Blog for Rural America

The Center for Rural Affairs, a private, non-profit organization, is working to strengthen small businesses, family farms and ranches, and rural communities. Permission to reprint items from this web log is hereby granted, on the condition that clear credit is given to the original source of the material. If the blog provides information for a story, please let us know by sending an email to johnc@cfra.org.

Wednesday, April 13, 2005

Center to President – 'Americans are watching' on Payment Limits

-- from the desk of Russ Gifford, Director Communications & Development
Center for Rural Affairs


(LYONS, NE) "Rural Americans are watching to see whether the President and Congress are more interested in subsidizing wealthy mega farmers or investing in rural people and their communities,” said Chuck Hassebrook, executive Director of the Center for Rural Affairs.

"Cuts will be made. Either they cut mega farms or they cut family size farms, small business and rural community development programs, nutrition programs for poor kids and conservation programs.”

The Center for Rural Affairs is a rural advocacy group based in Lyons, Nebraska.

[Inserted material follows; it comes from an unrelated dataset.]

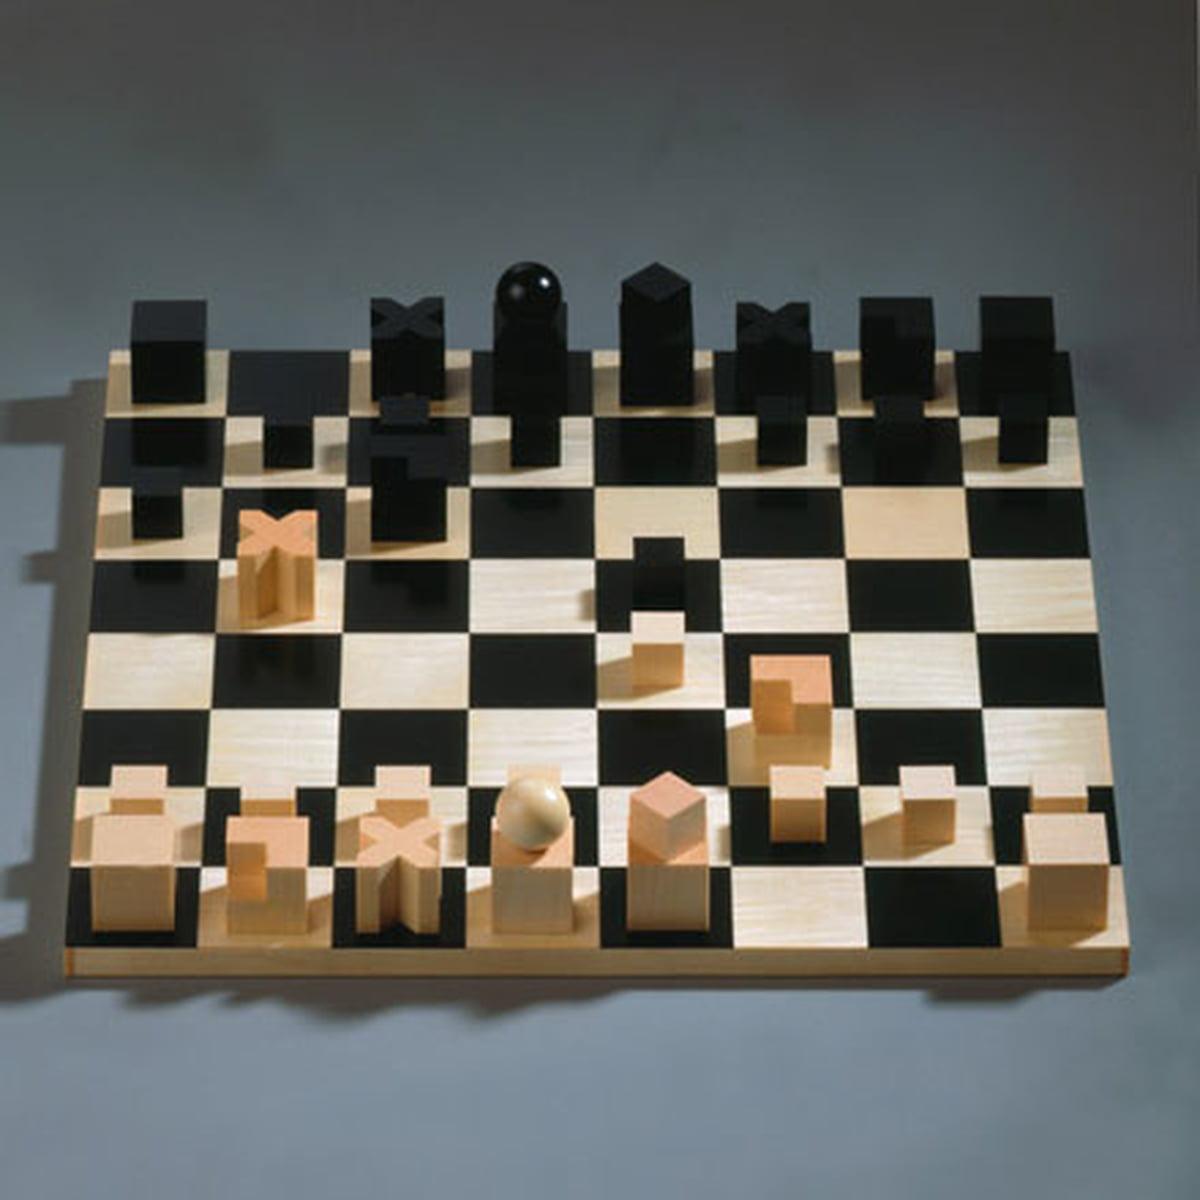 Bauhaus Chess Set Naef Spiele Shop
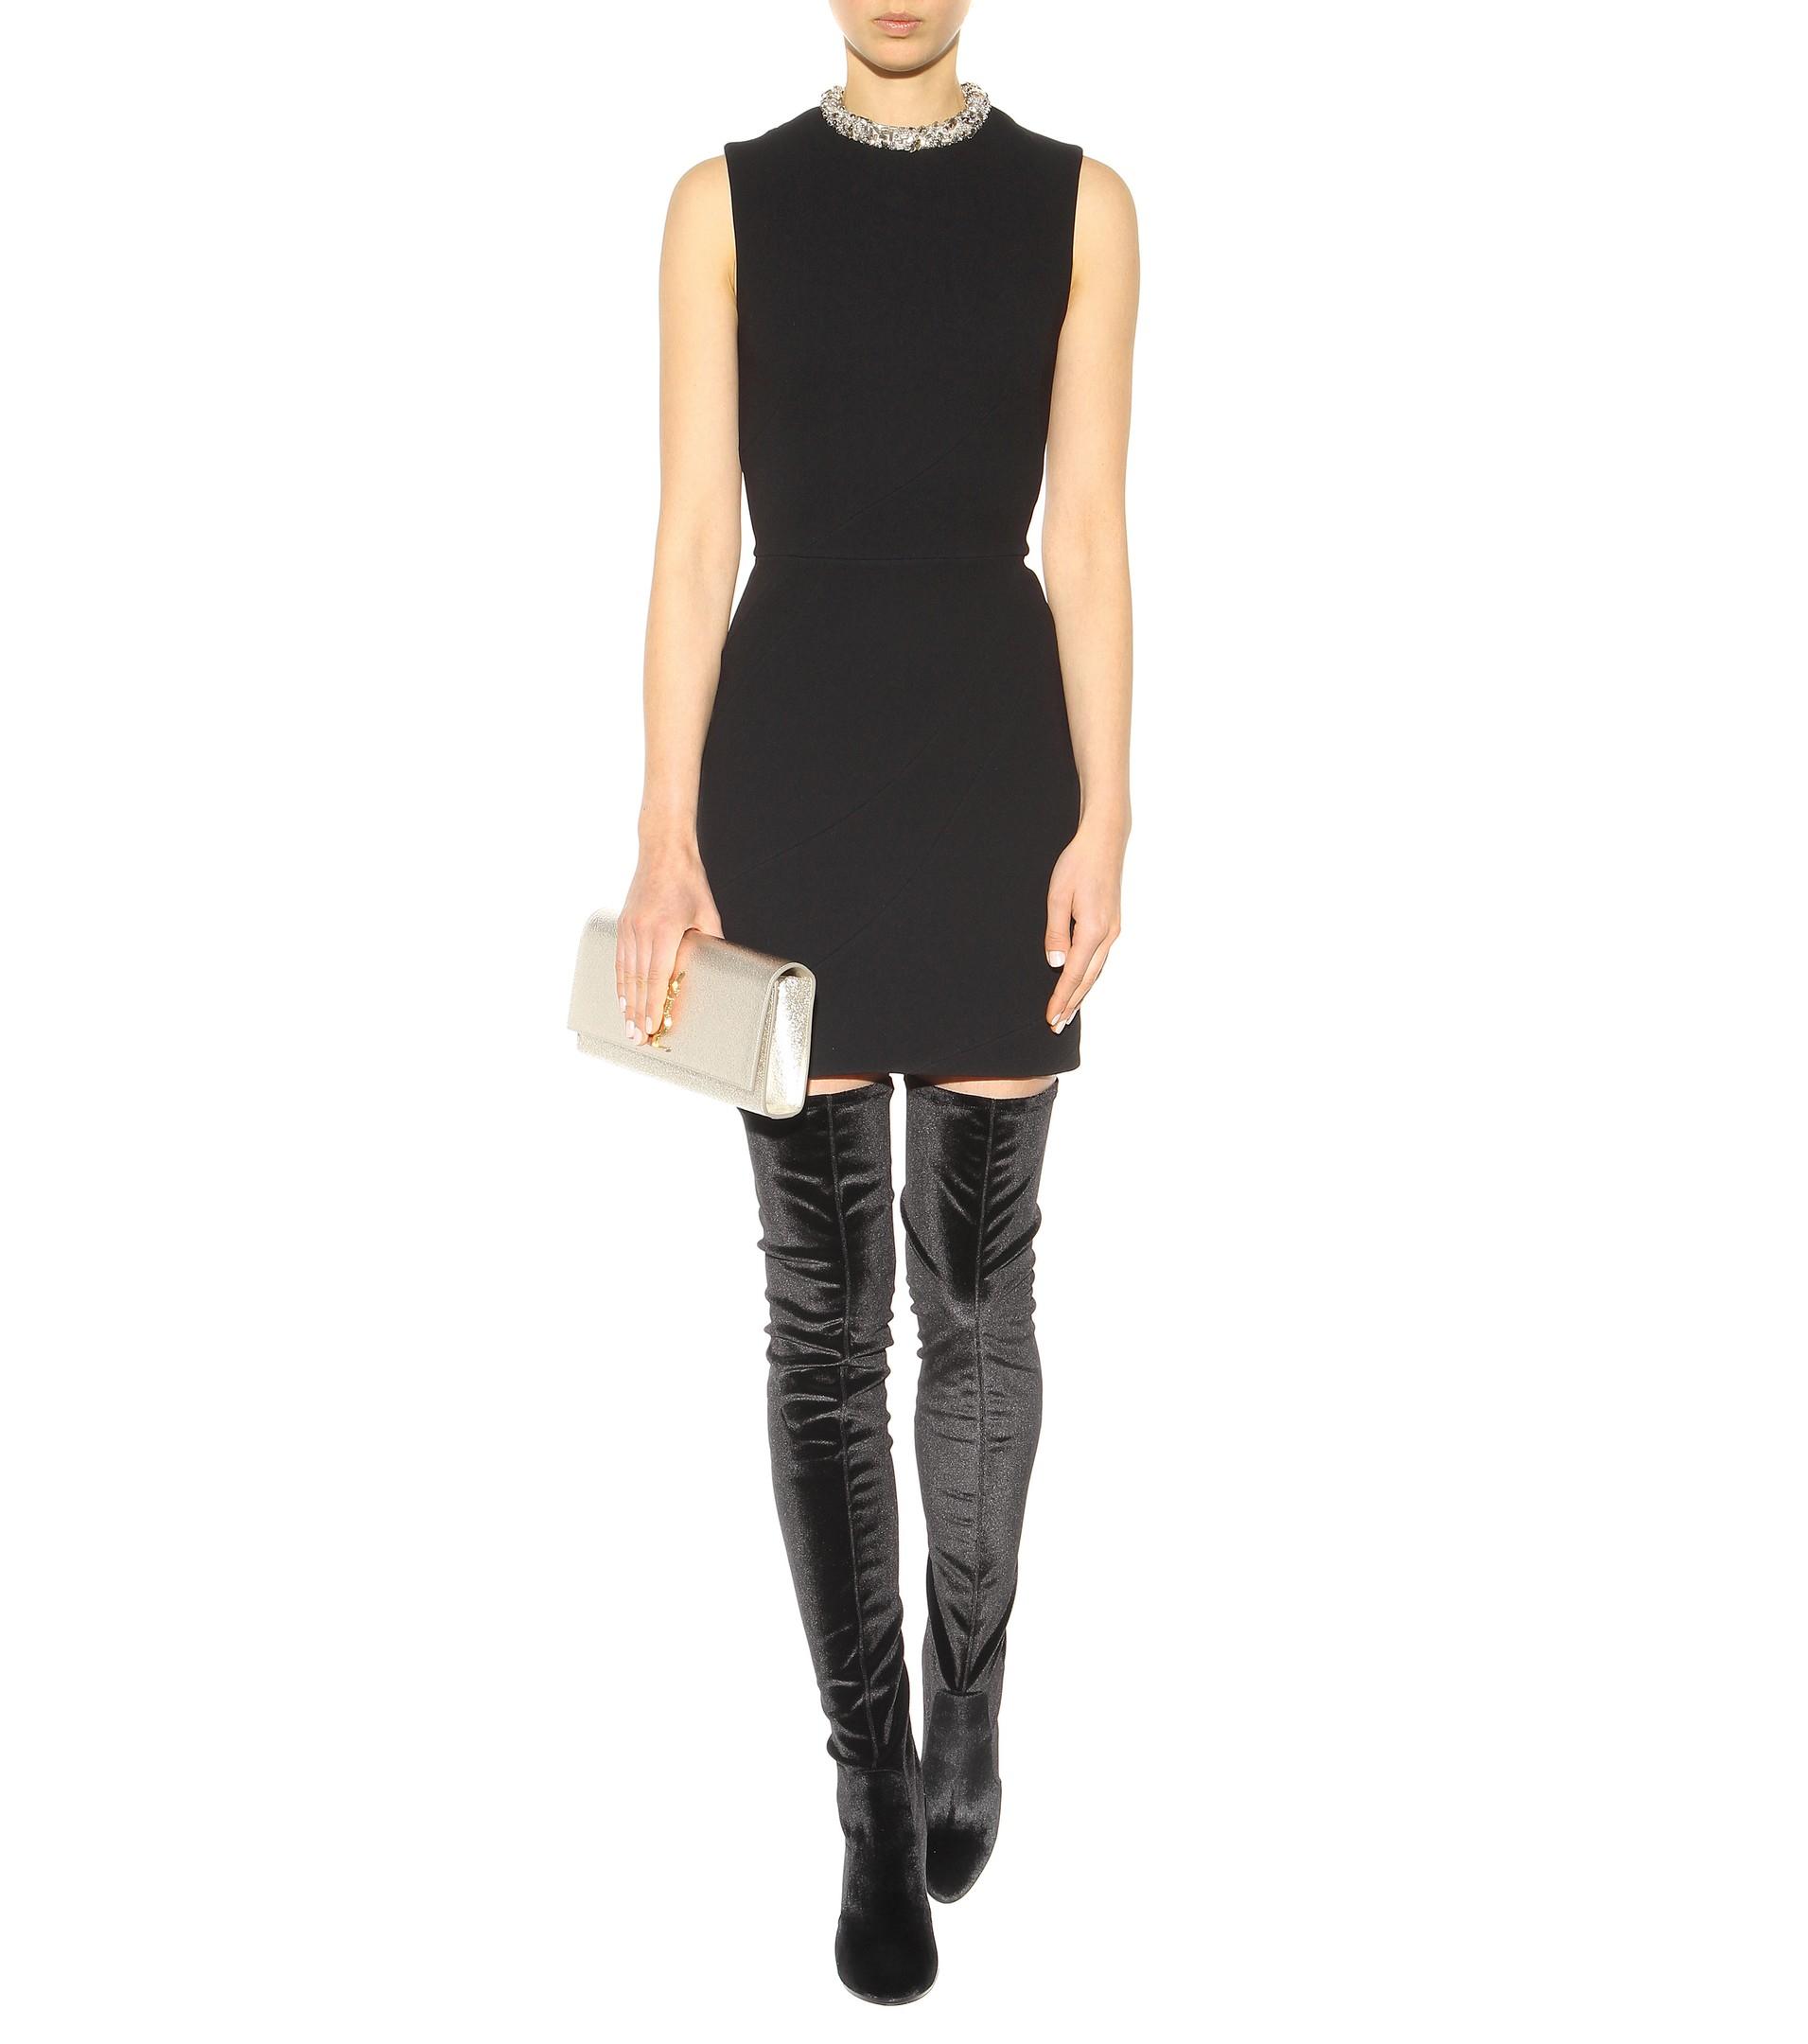 Aquazzura Velvet Over-The-Knee Boots in Black | Lyst

Hassebrook’s statement is in response to the news reports that the Bush administration "threw in the towel" on the president's proposal to slash farm payments.

The Center contends that giving large payments to mega farms subsidizes them to drive smaller operations out of business. “Capping payments to mega farms is a win-win solution,” said Hassebrook. “It saves money and it’s the single most effective thing Congress could do to strengthen family farms.”

Some farm-state lawmakers, such as Senator Chuck Grassley of Iowa, see the benefit of a tough cap on subsidy payments. It would help stretch the already limited federal resources to reach more farmers, and at the same time chop away at the federal government's ballooning deficit.

"We are urging the President and the Secretary of Agriculture to stick to their guns on capping payments to mega farms," adds Hassebrook. "Rural Americans are watching."